Podiatry Coding & Billing Alert

You Be the Coder:

Sort Out This Bone Cyst Scenario

Question: A new patient reports to the podiatrist complaining of right ankle pain. The provider performs an evaluation and management (E/M) service that lasts 32 minutes and involves low-level medical decision making (MDM). Based on the E/M, the podiatrist performs a computed tomography (CT) on the patient’s right ankle. Our office does not own the CT equipment that the provider used. Final diagnosis was solitary bone cyst, right ankle. How should I report this encounter?

North Dakota Subscriber

Answer: On the claim, you’ll report 73700 (Computed tomography, lower extremity; without contrast material(s)) for the CT scan.

You would also add modifier 26 (Professional component) to 73700 to show that you are only coding for the professional component of the CT scan. Because the office does not own the CT machine, it is not responsible for the costs associated with owning, maintaining, and operating the machine. Therefore, it would only bill for the professional component, which includes the physician’s time and expertise in interpreting the CT scan and making a diagnosis. The facility that owns the CT machine would bill for the technical component, which includes the cost of using the machine.

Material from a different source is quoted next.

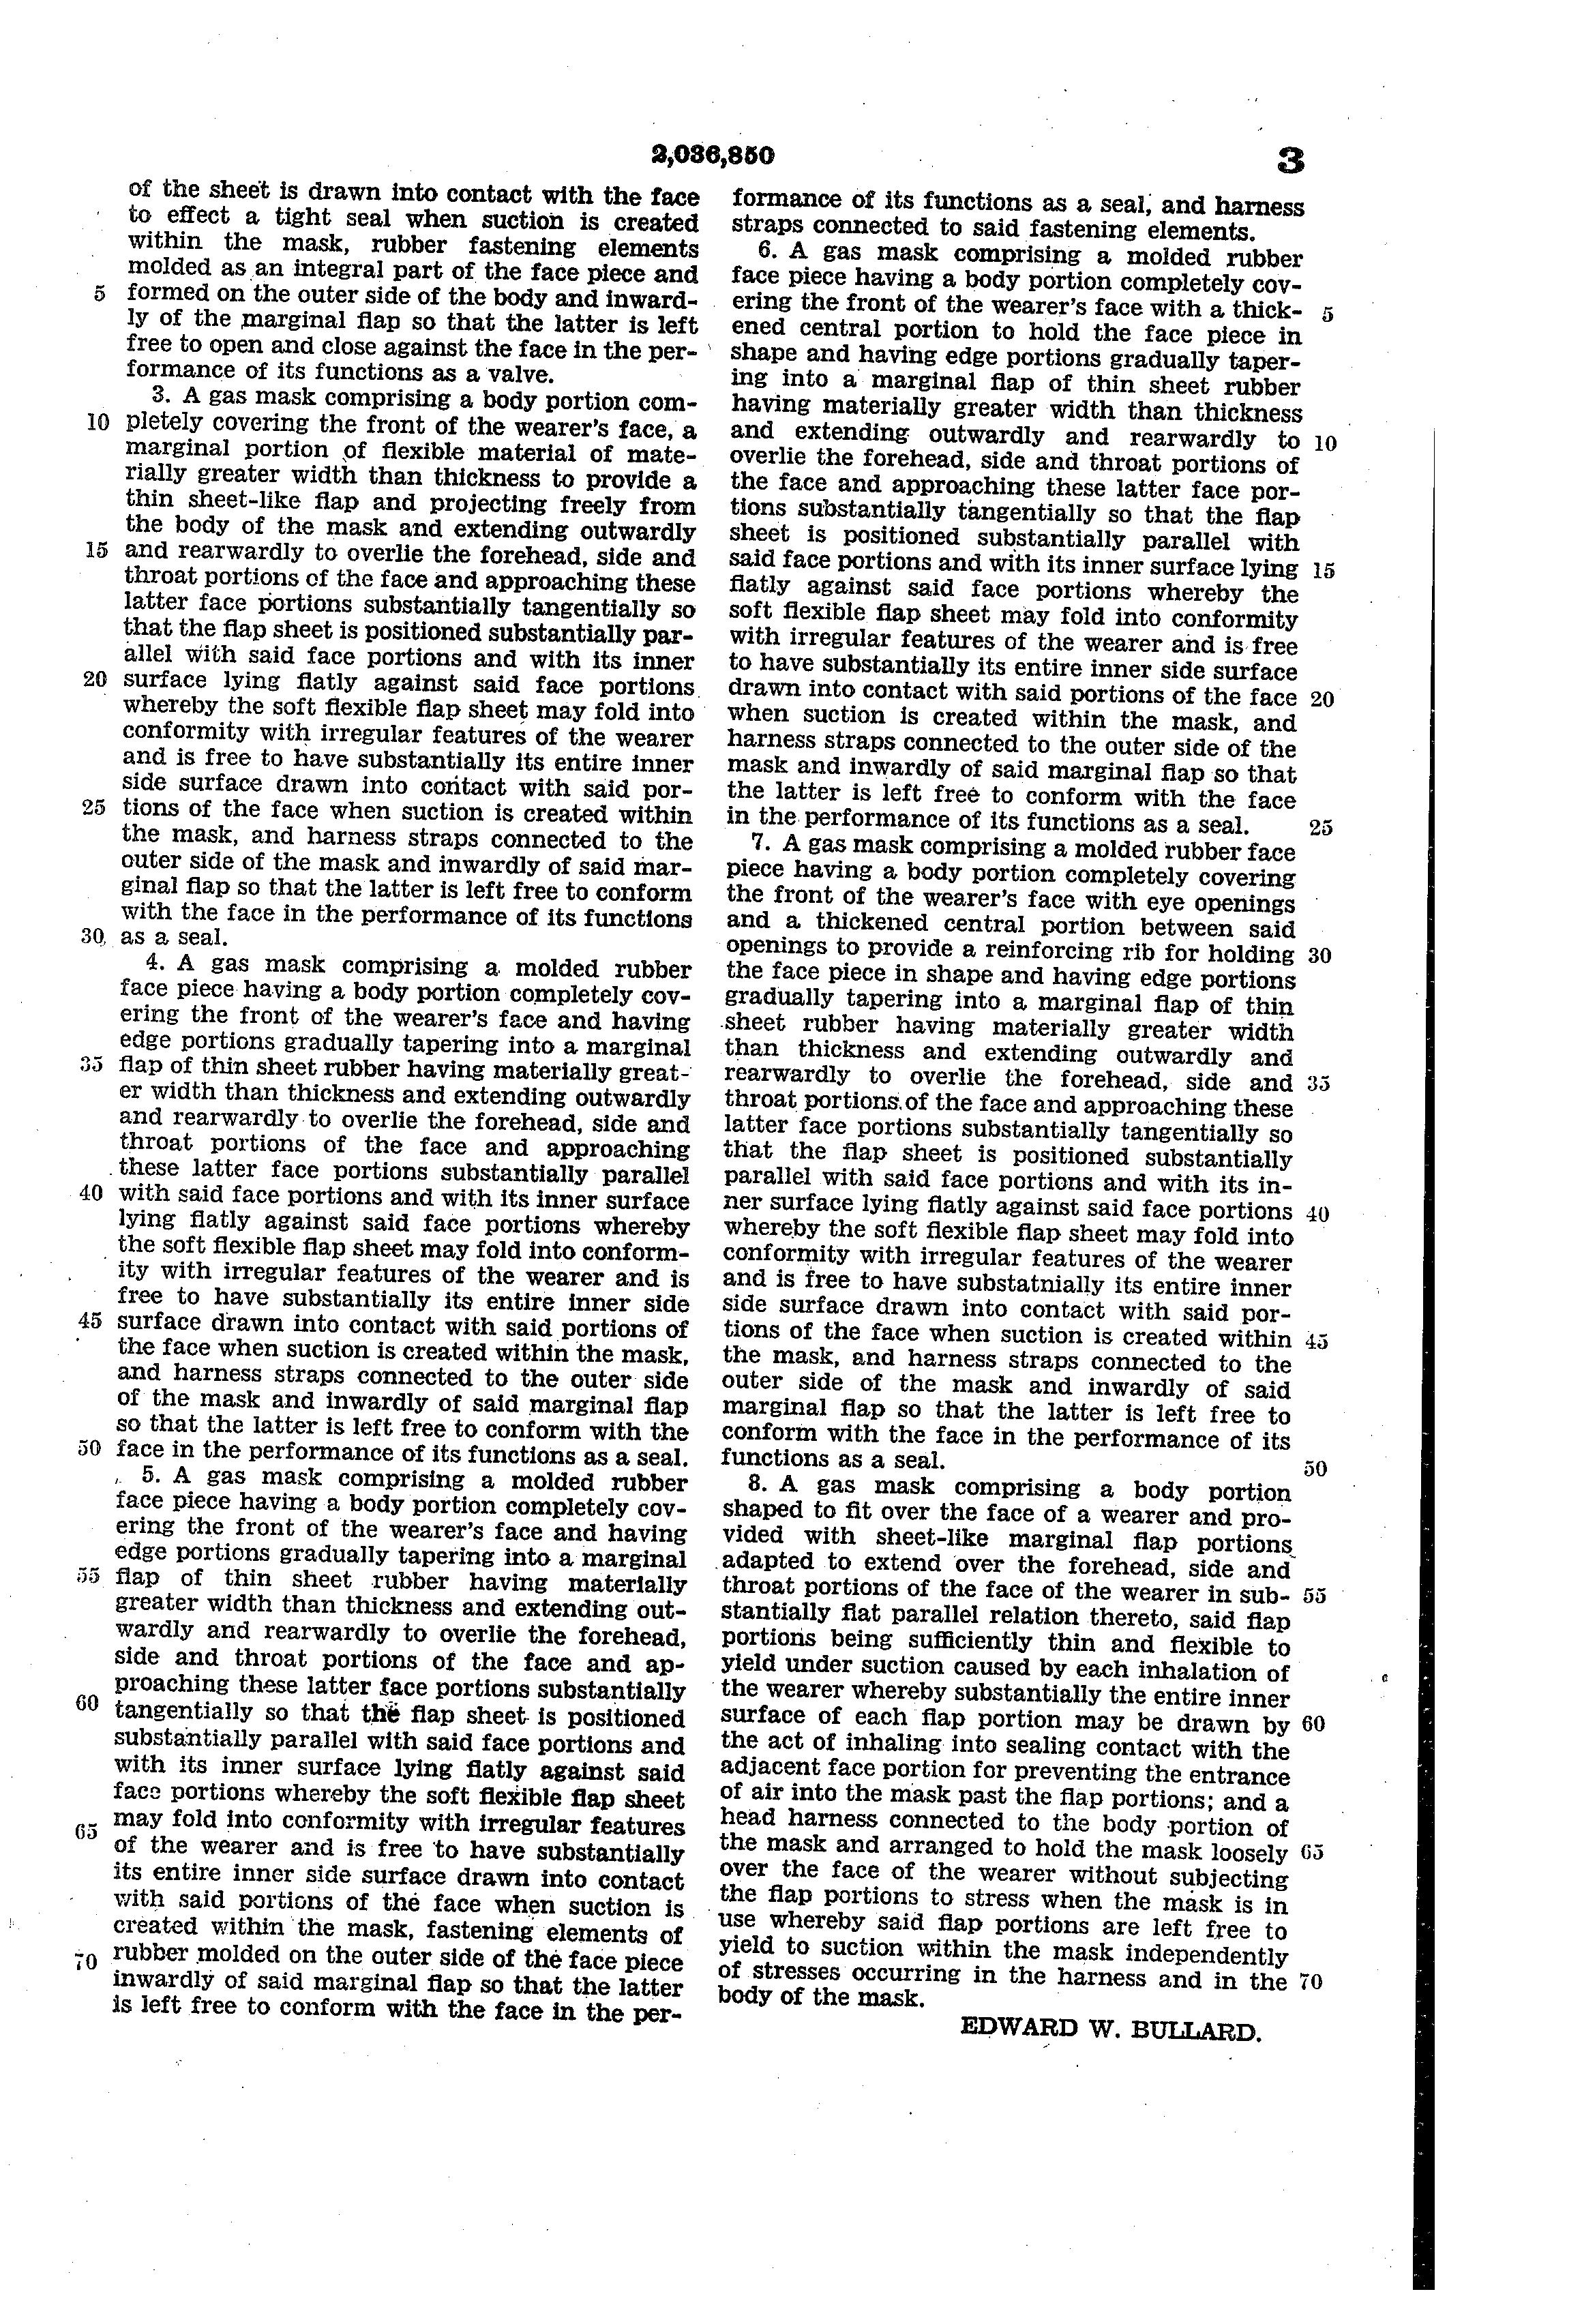 April 7, 1932 Patent

You would also add 99203 (Office or other outpatient visit for the evaluation and management of a new patient, which requires a medically appropriate history and/or examination and low level of medical decision making. When using time for code selection, 30-44 minutes of total time is spent on the date of the encounter) for the E/M service. This code is used for an office or other outpatient visit that requires at least two of these three key components: a detailed history, a detailed examination, and medical decision making of low complexity. The service duration of 32 minutes and the low-level medical decision making (MDM) align with this code.

Modifier 25 (Significant, separately identifiable evaluation and management service by the same physician or other qualified health care professional on the same day of the procedure or other service) would be appended to 99203 to show that a significant, separately identifiable E/M preceded the CT scan.

The correct diagnosis for this scenario would be M85.471 (Solitary bone cyst, right ankle and foot).